[Given material]
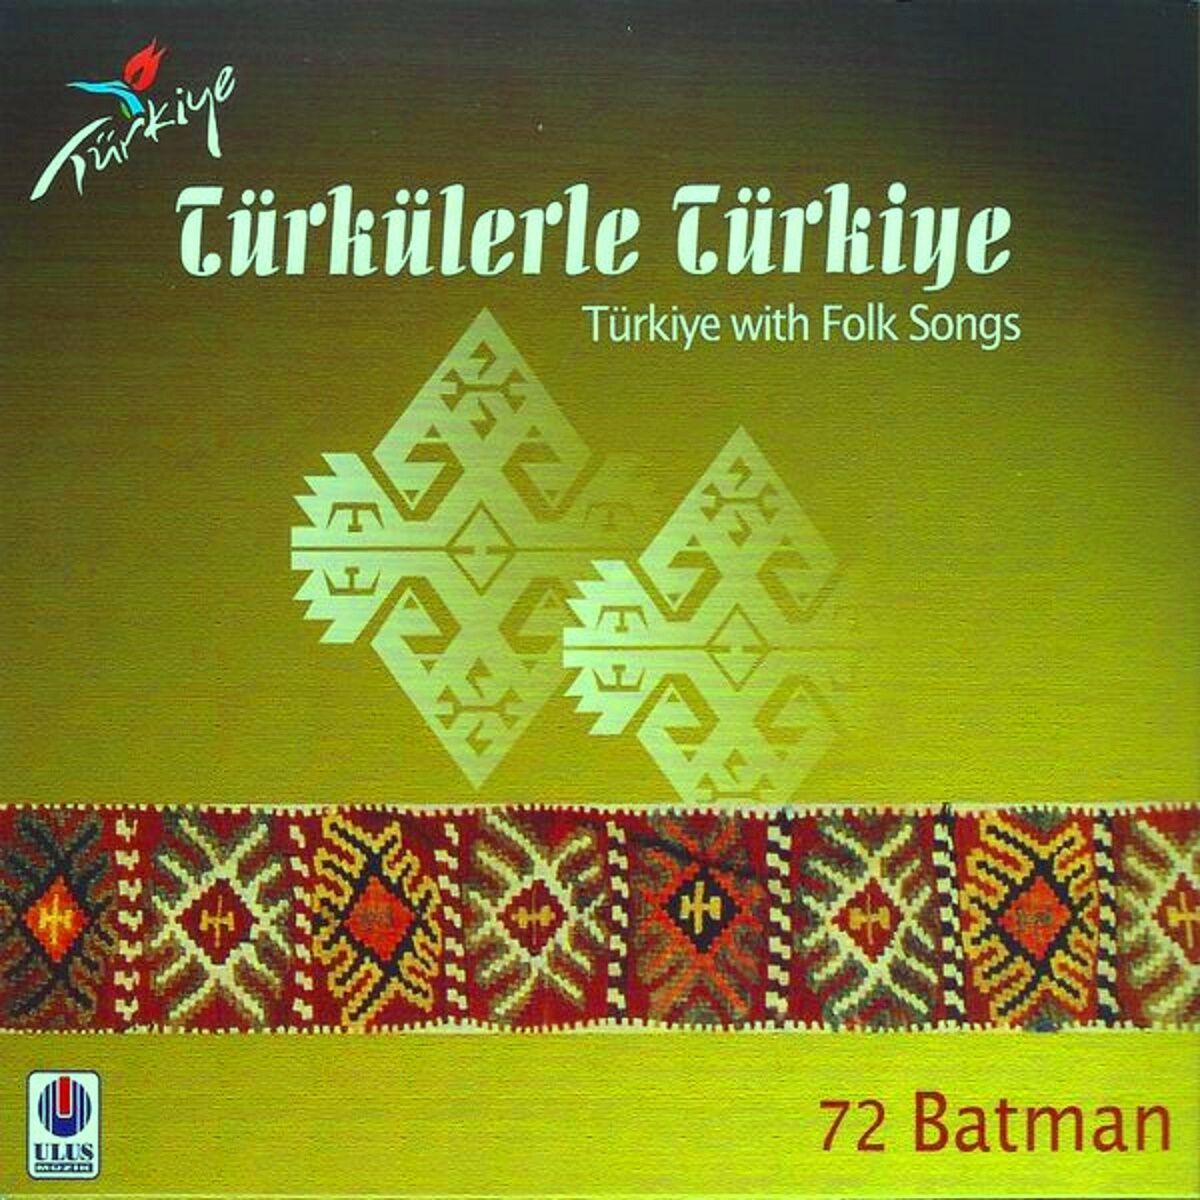 TÜRKÜLERLE TÜRKİYE   (TÜRKİYE WITH FOLK SONGS) 72 BATMAN  (CD)
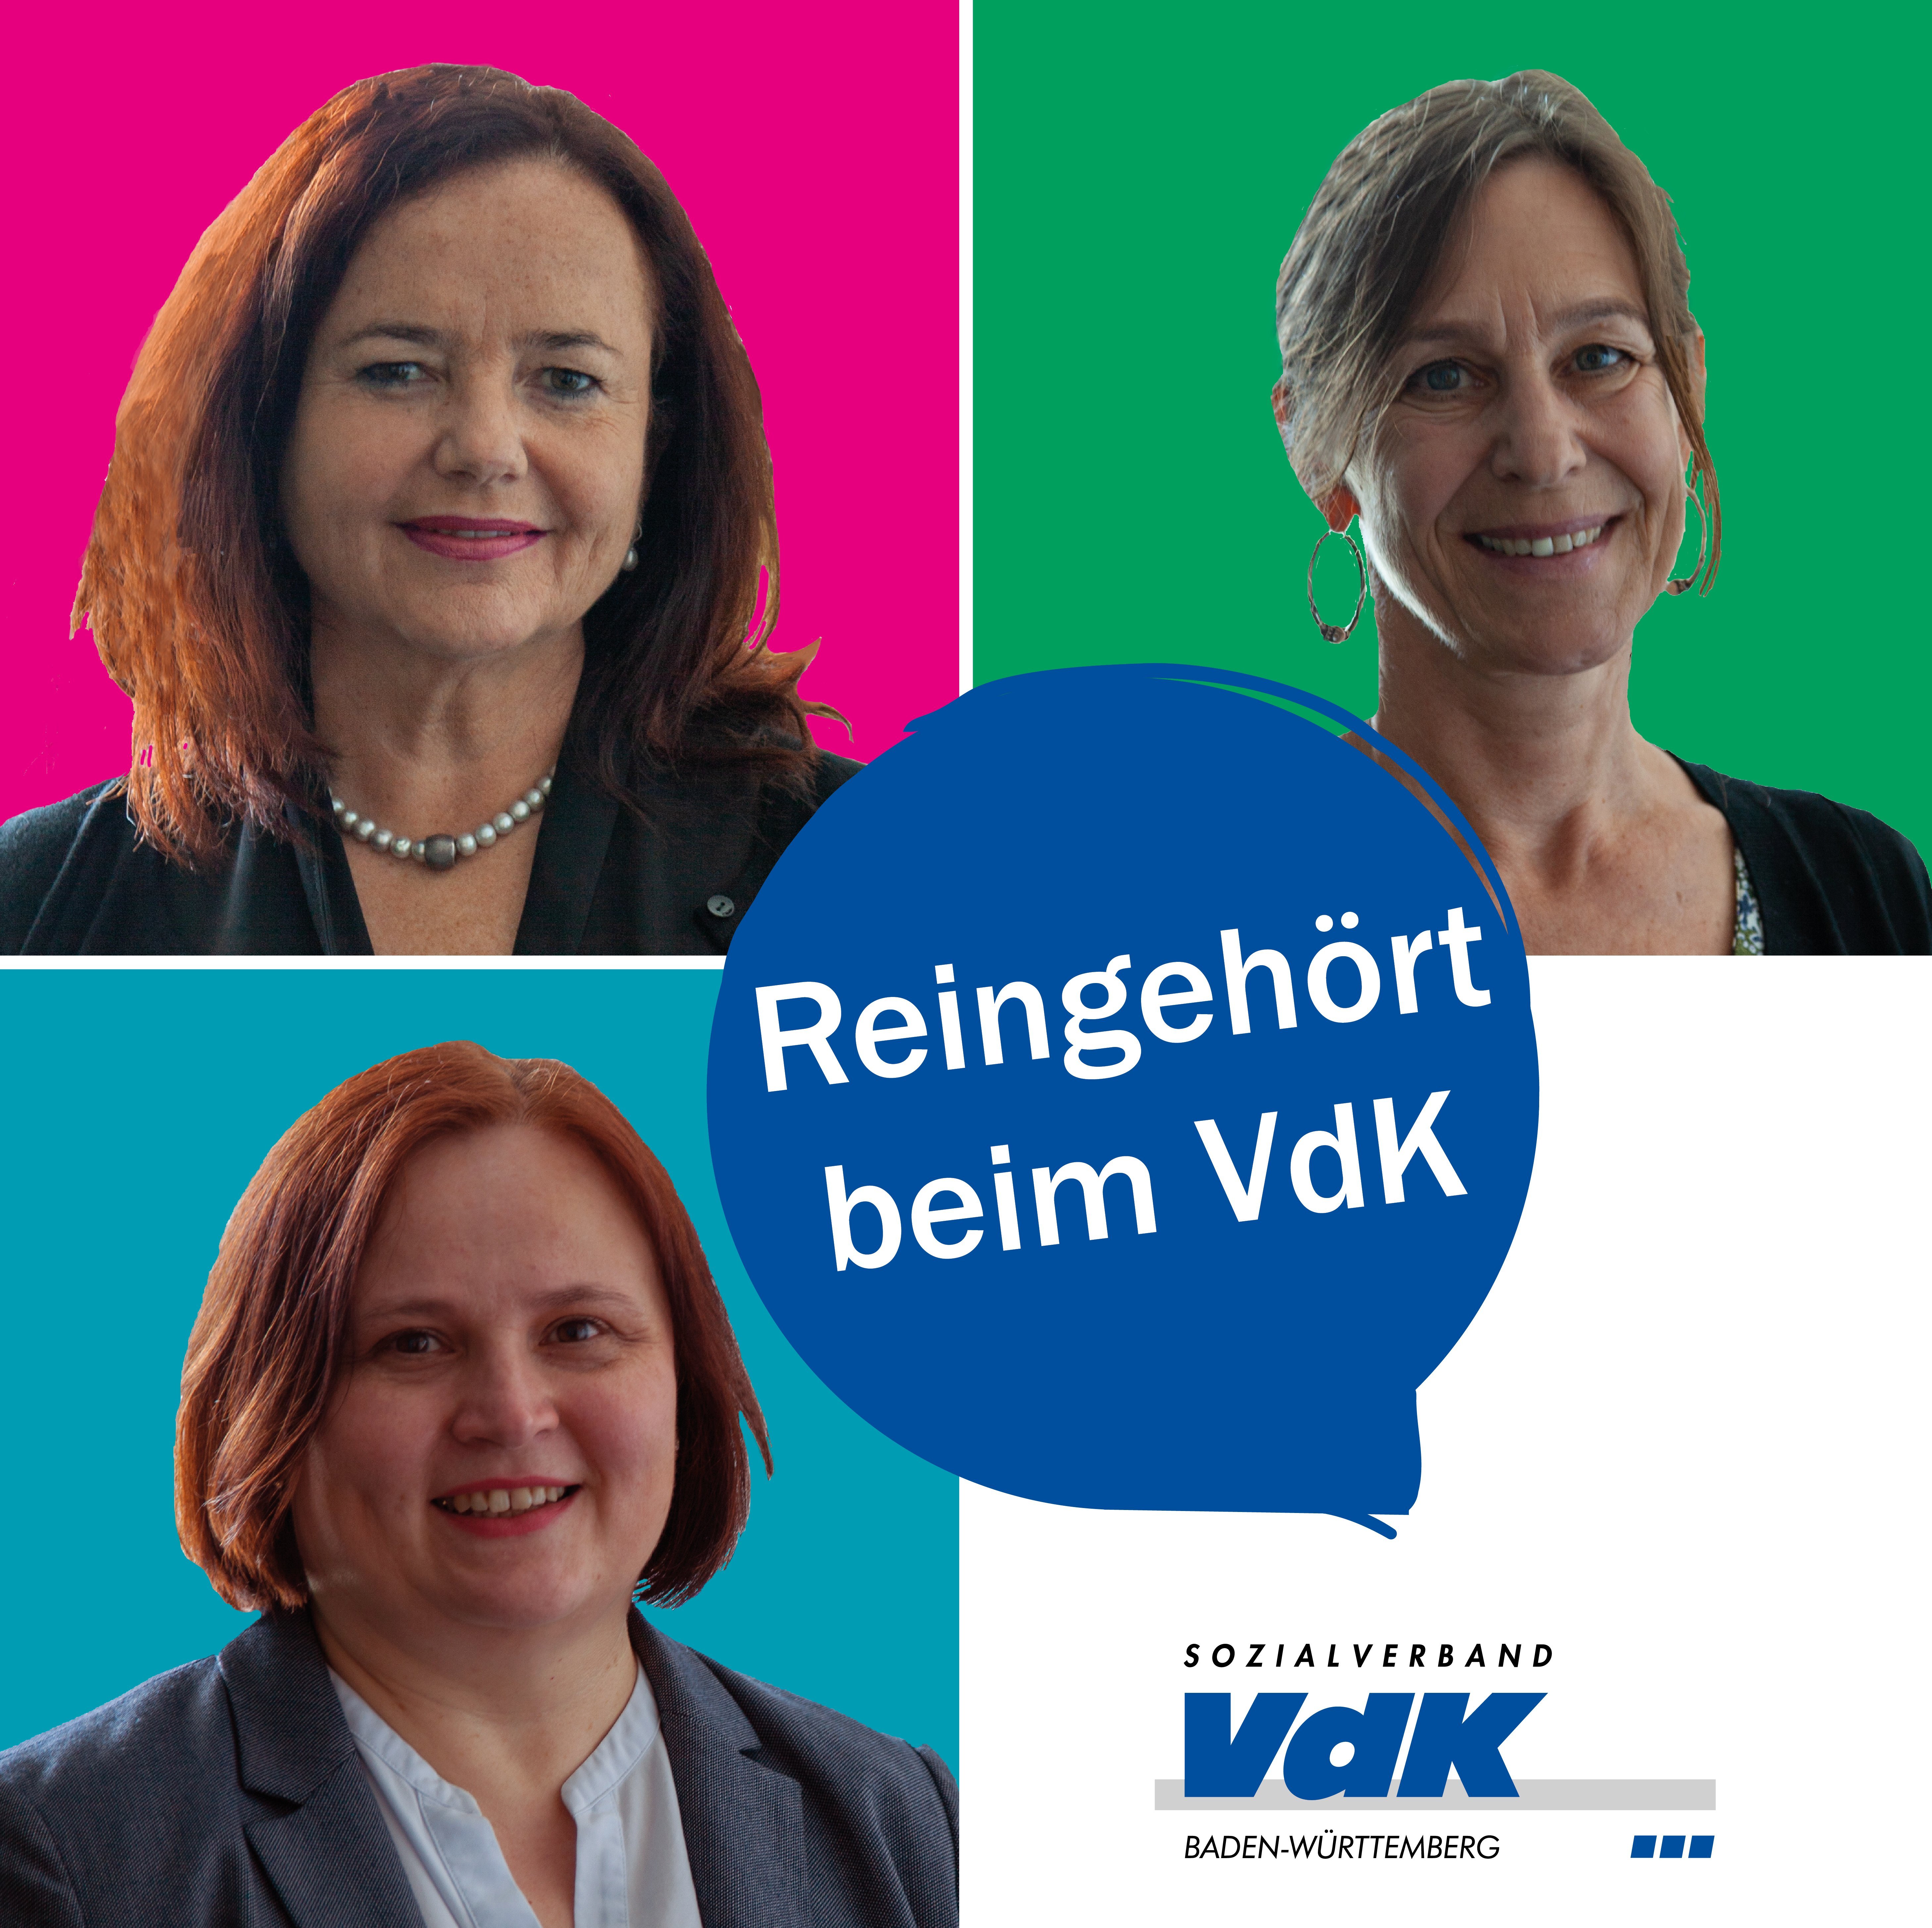 Cover des Podcasts "Reingehört" - darauf sind Portraits der drei Patientenberaterinnen zu sehen, die den Podcast machen sowie das VdK BW Logo
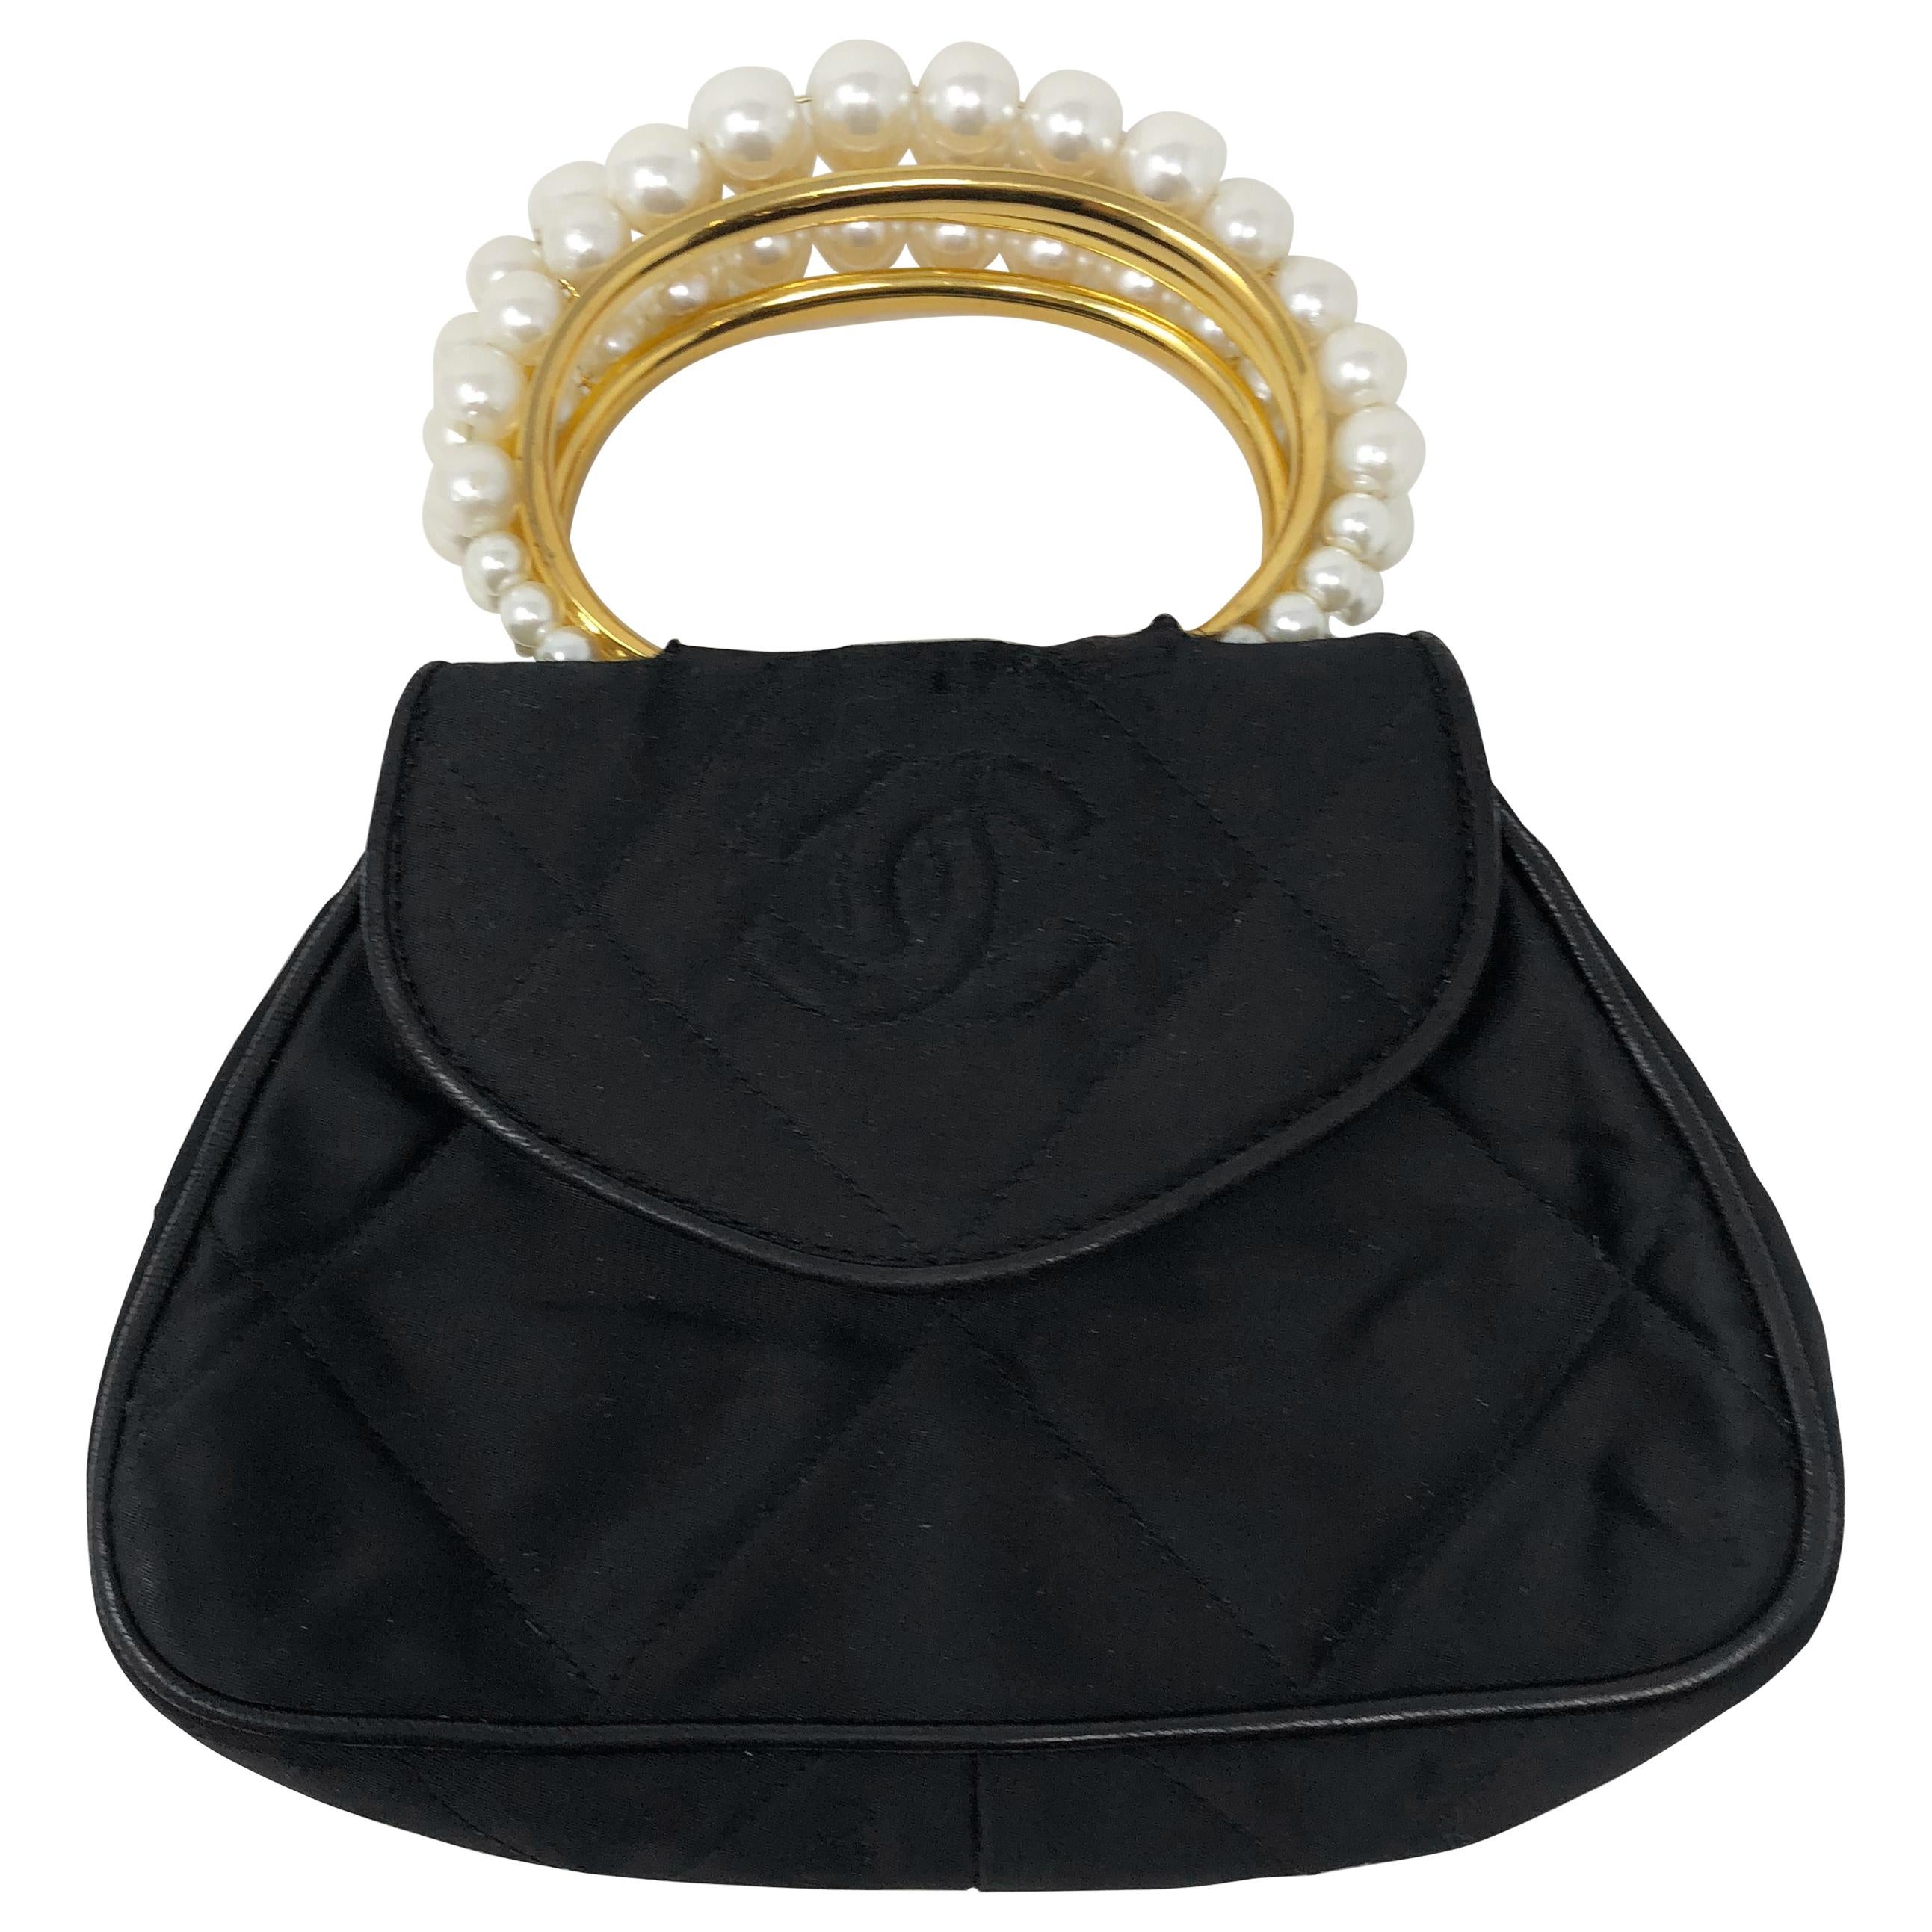 Chanel Satin and Pearl Handle Bag
[/Given material]
* **Task statement**:
Drop the pictures; repeat the listing above exactly.

* **Response box**:
 TÜRKÜLERLE TÜRKİYE   (TÜRKİYE WITH FOLK SONGS) 72 BATMAN  (CD)
 Cover des Podcasts "Reingehört" - darauf sind Portraits der drei Patientenberaterinnen zu sehen, die den Podcast machen sowie das VdK BW Logo
 Chanel Satin and Pearl Handle Bag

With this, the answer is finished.